PROBLEM DESCRIPTION – What you return should be every line below, word for word, and none of the images.

DATA SECTION –
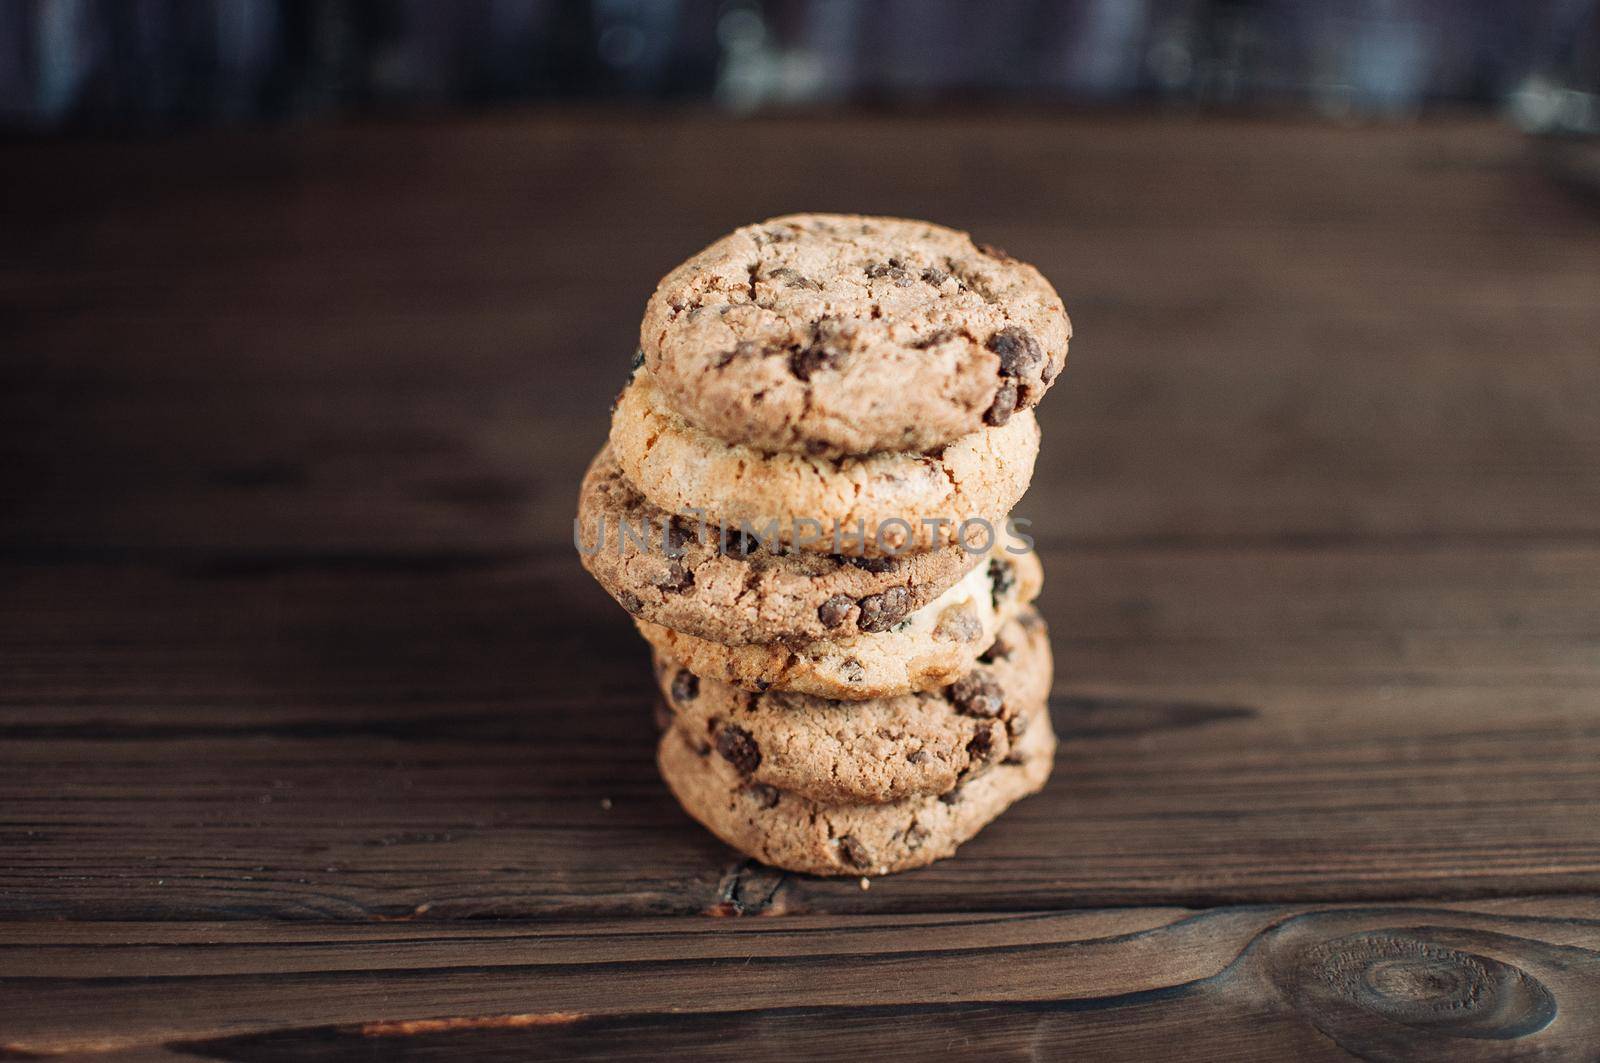 A stack of chocolate chip cookies lies on a wooden table. Rustic table. Vintage toning. Dietary useful cookies without gluten. Copy space.
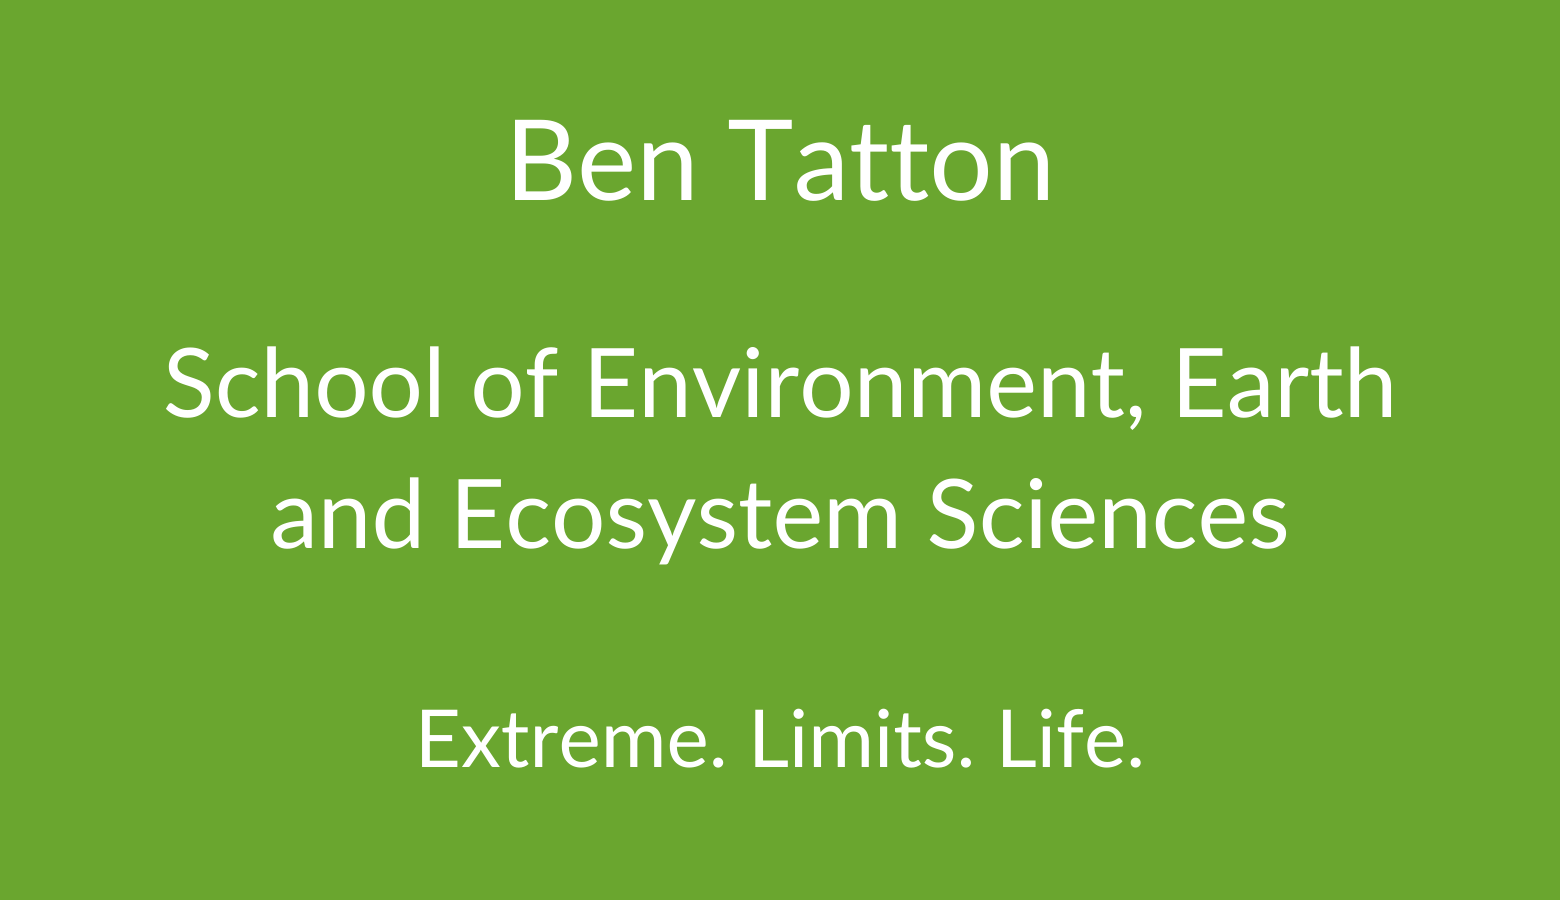 Ben Tatton. School of Environment, Earth and Ecosystem Sciences. Extreme. Limits. Life.
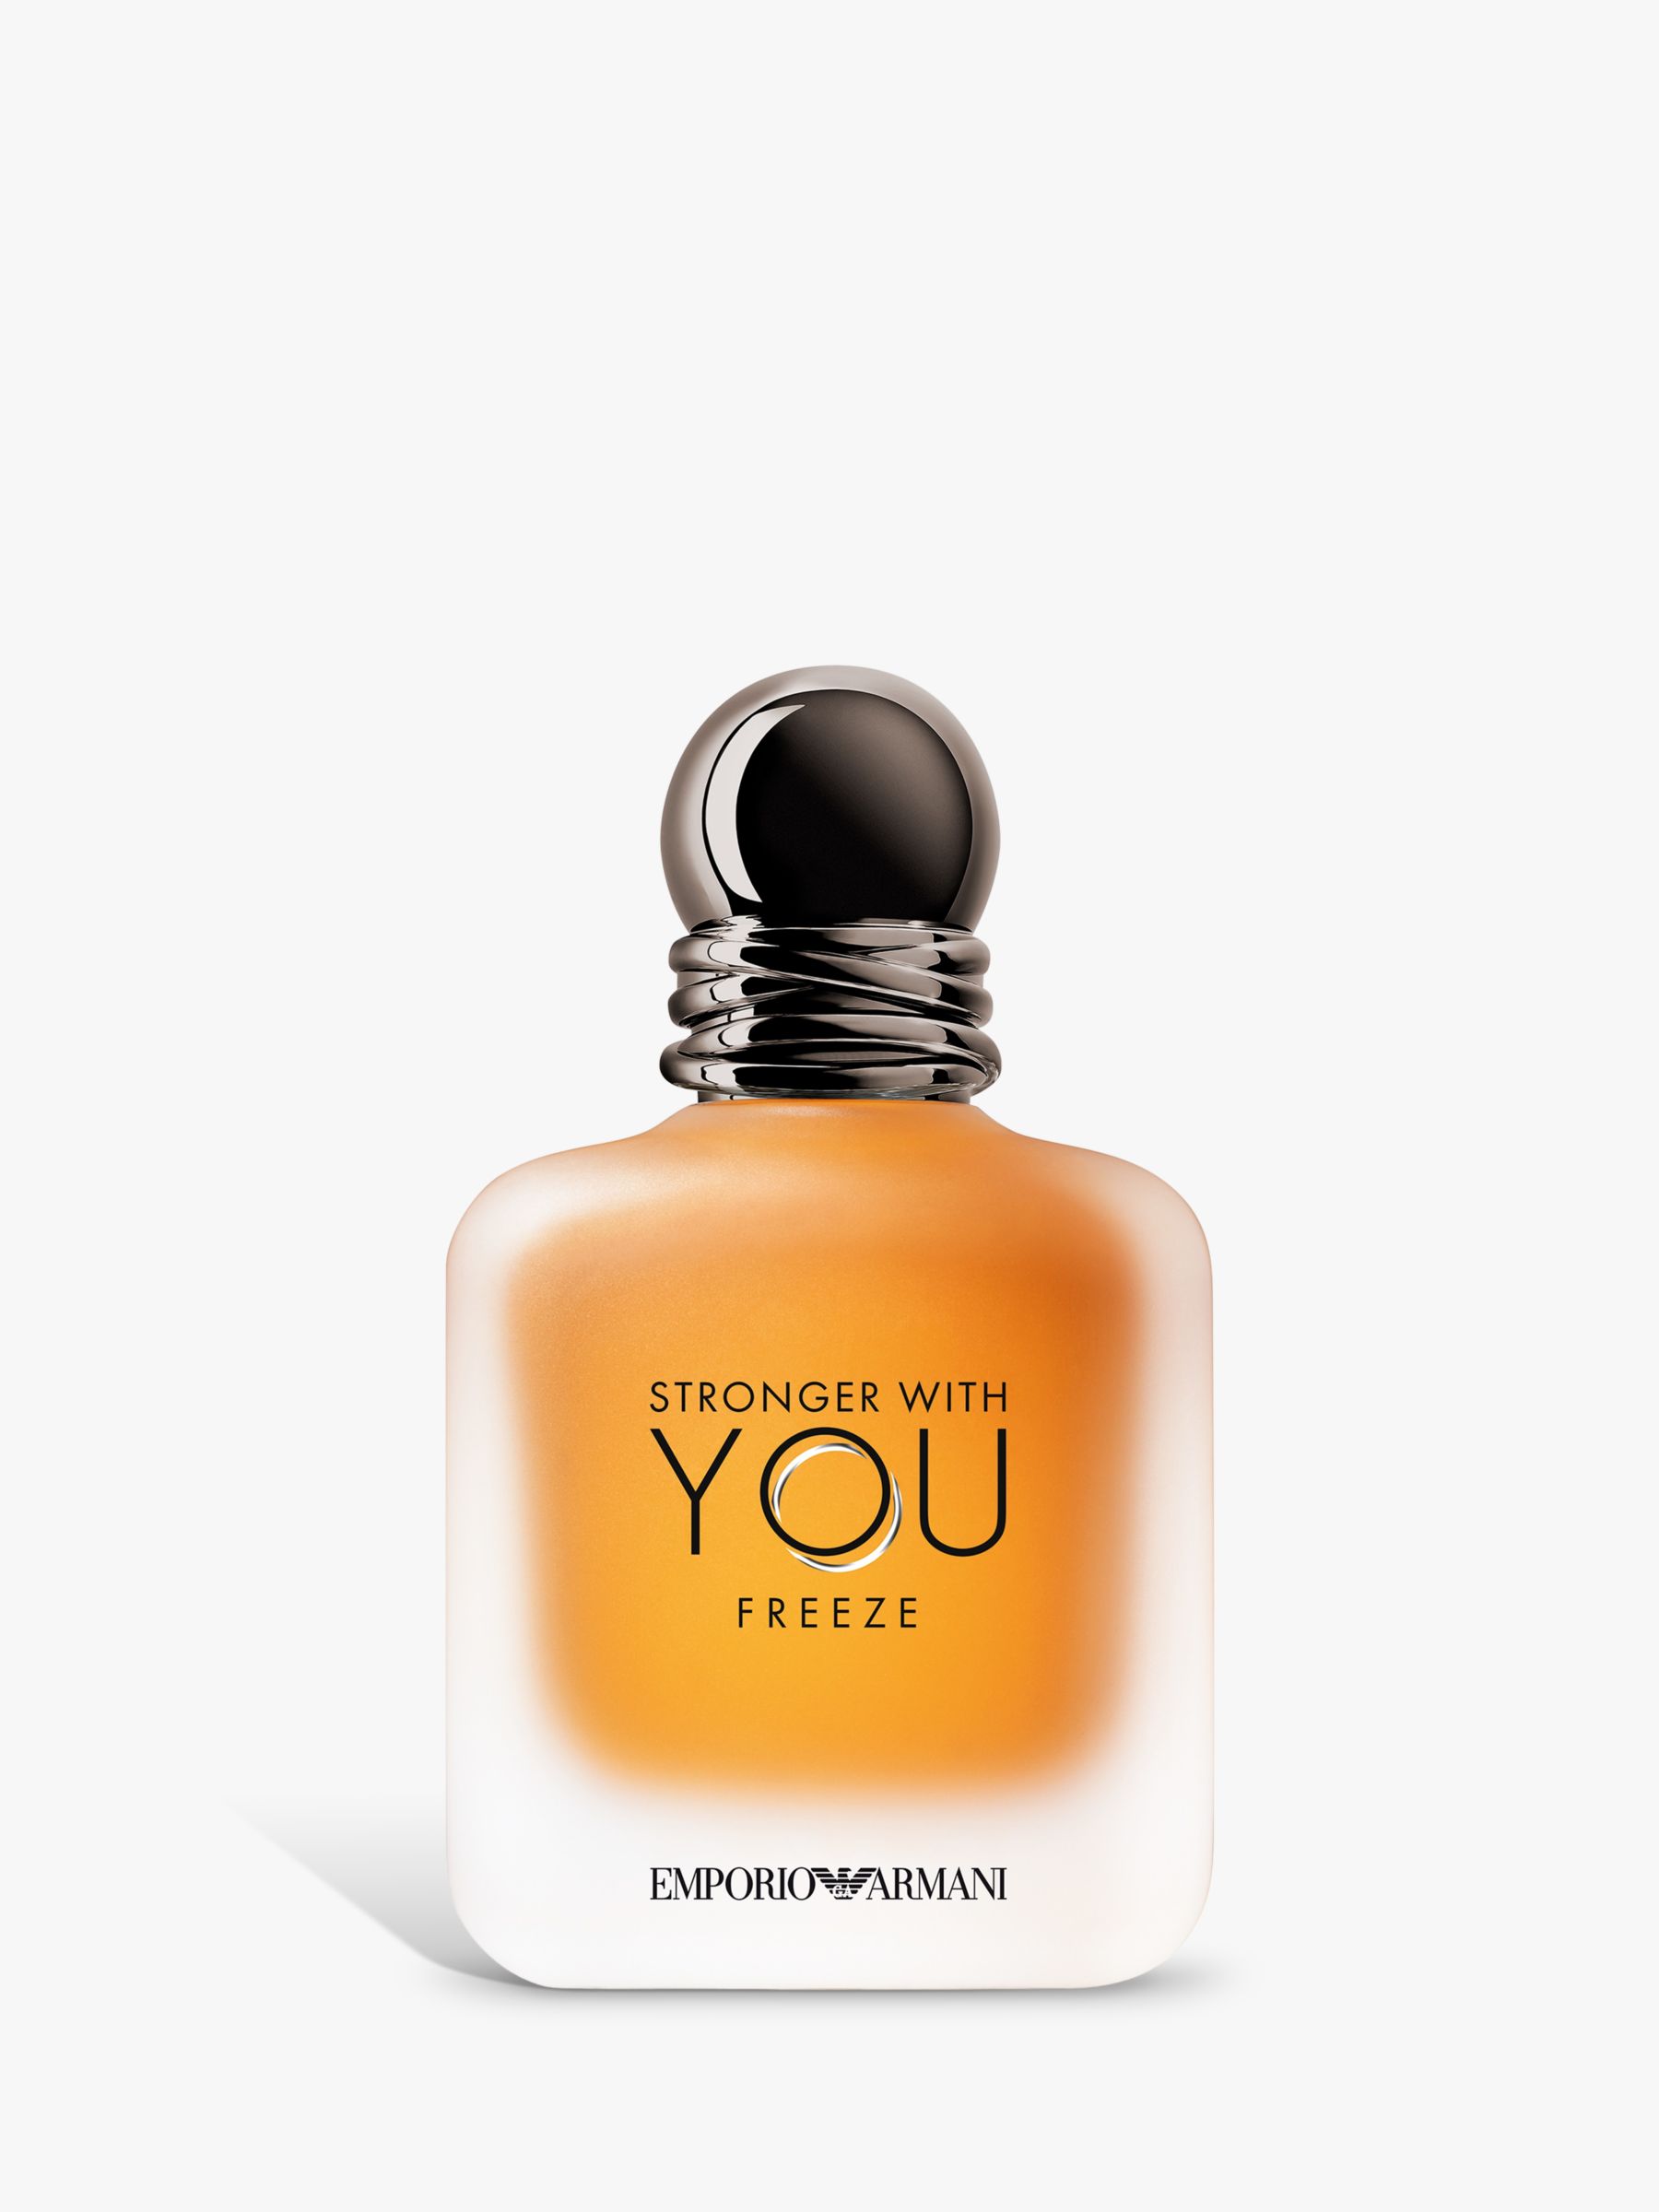 giorgio armani stronger with you review

TASK RESPONSE –
 A stack of chocolate chip cookies lies on a wooden table. Rustic table. Vintage toning. Dietary useful cookies without gluten. Copy space.
 Ben Tatton. School of Environment, Earth and Ecosystem Sciences. Extreme. Limits. Life.
 giorgio armani stronger with you review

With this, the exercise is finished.